The Center for International Development selected Mozambique as the first country in Africa to collaborate with on ICT policy development. Mozambique, a country that is one of the fastest growing countries of the world, and one of the poorest, is eager to enter the information age. The Information Technologies Group worked closely with the ICT Policy Commission, headed by Prime Minister Mocumbi, to make this happen. The ITG conducted an initial Networked Readiness Assessment of Mozambique as part of its efforts to provide assistance to the government.

Other Projects

eDevelopment Seminar Series

From 2000 to 2002, ITG hosted a very successful seminar series in which invited experts gave brown bag lunch presentations to the Harvard, MIT, Tufts and Cambridge/Boston communities. You can find a record of these seminars here.

Workshops, Conferences and Events

Over the past four years we have organized a number of other conferences, events and workshops. Some of these events can be found here.

Expert Content for HIV/Aids, Malaria and TB for Developing Countries on the Net

Developing countries are facing a dire health crisis with millions of people dying each year from basic health care deficiencies. Major threats to public health stem from a shortage of health professionals, inadequate health education, and out of date clinical treatment. Information and communication technologies (ICTs) have the potential to help improve the delivery of information and services to the healthcare community and to end-users in developing countries. Within this context, the Information Technologies Group designed and implemenedt the Expert Health Portal that will provide information on HIV/AIDS, Malaria and Tuberculosis for policy makers and practitioners in the developing world as well as open the door to developing country users and facilitate access to the Global Fund announced at the G8 Summit in Genoa, July 2001. The Global Fund provides grants for projects that tackle HIV/AIDS, malaria and tuberculosis. The fund was launched in June 2001 by United Nations Secretary-General Kofi Annan, who stated that between $7 billion and $10 billion would be needed to tackle effectively the three diseases that are widespread in many of the world's poorest countries.
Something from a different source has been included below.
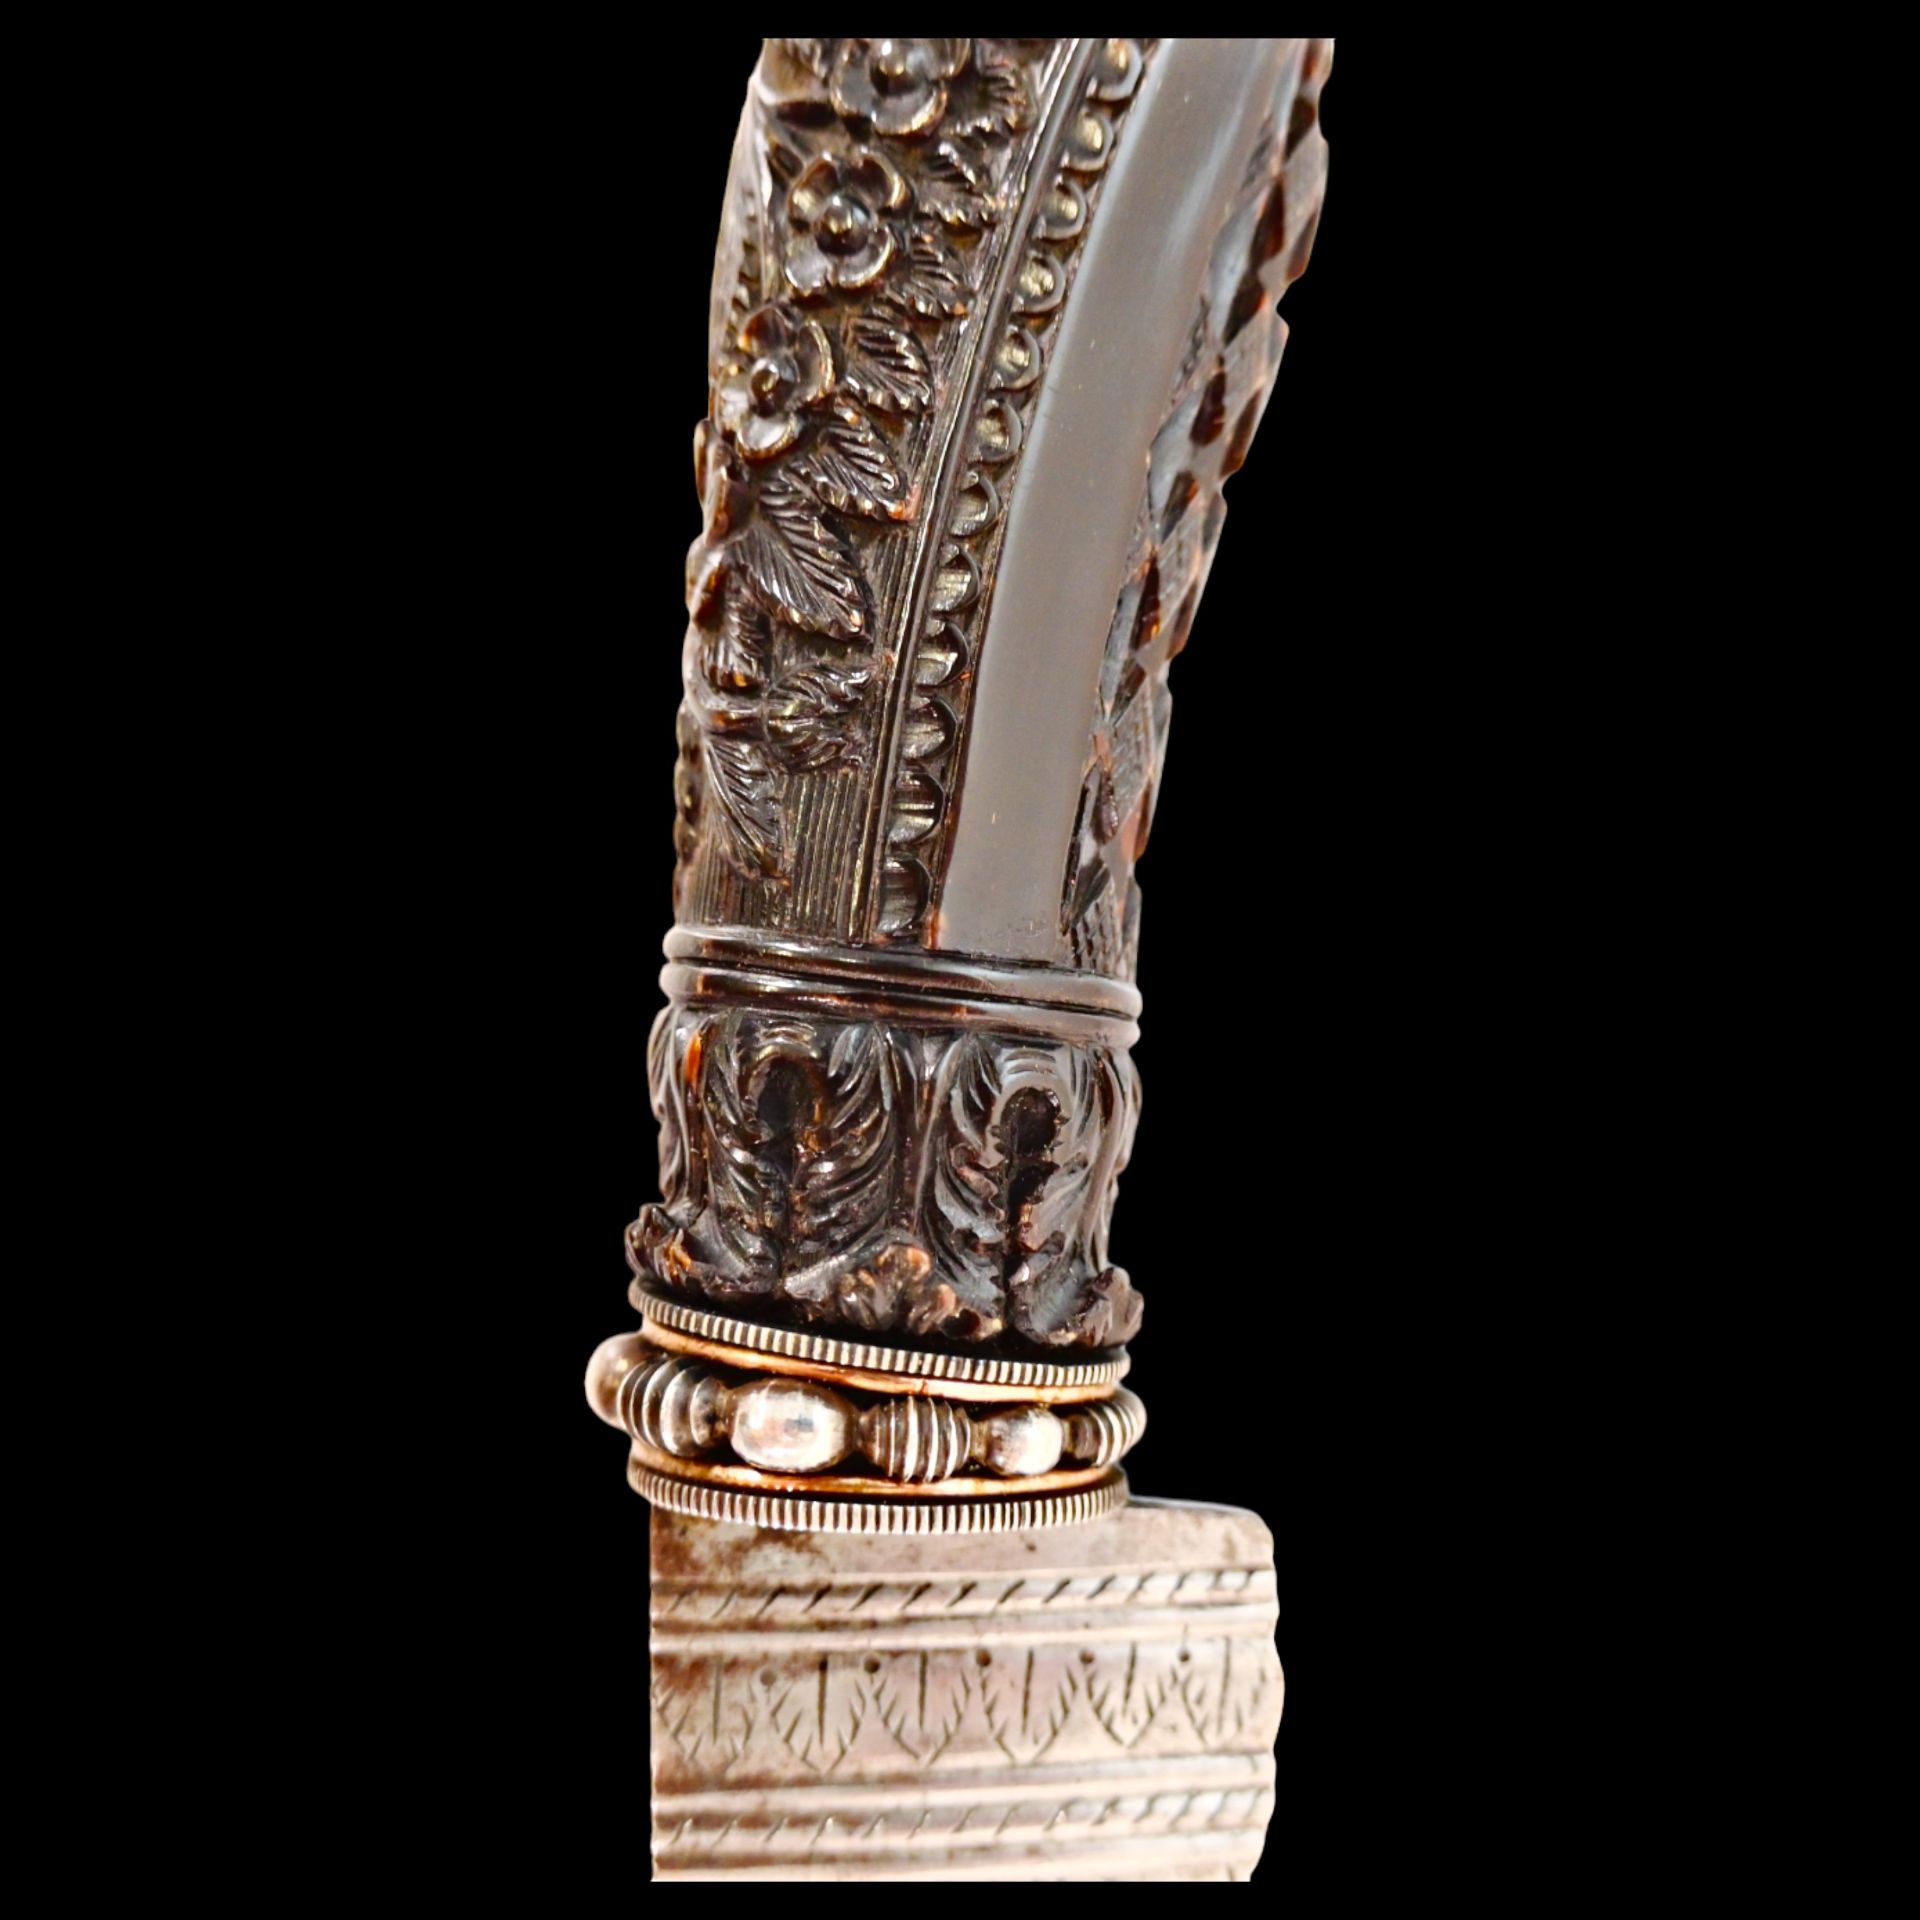 Magnificent, richly decorated knife, Indonesia, first half of the 20th century. - Image 21 of 33

The fund is used to procure drugs and medical equipment as well as prevent the further spread of the disease. This project served to complement the Fundís efforts of helping developing nations prevent, treat and provide care for the three diseases. It now serves to disseminate information about these diseases to the developing world as well as facilitate access to potential funding for these diseases.


Little Intelligent Communities (Lincos) is a project that provides connectivity and new opportunities for joining global ICT networks to people in remote areas of the developing world. Wireless communications in conjunction with computers, scientific diagnostic equipment, and all-important human capital allow for cutting edge health, education, community, and e-commerce benefits to be extended to previously unreachable areas.

The first containers were deployed in Costa Rica and the Dominican Republic in fall of 1999. LINCOS is a joint venture of the MIT Media Lab and the Costa Rican Foundation for Sustainable Development. ITG is a contributor to the project in the consideration of sustainable business models, impact evaluation and general development issues.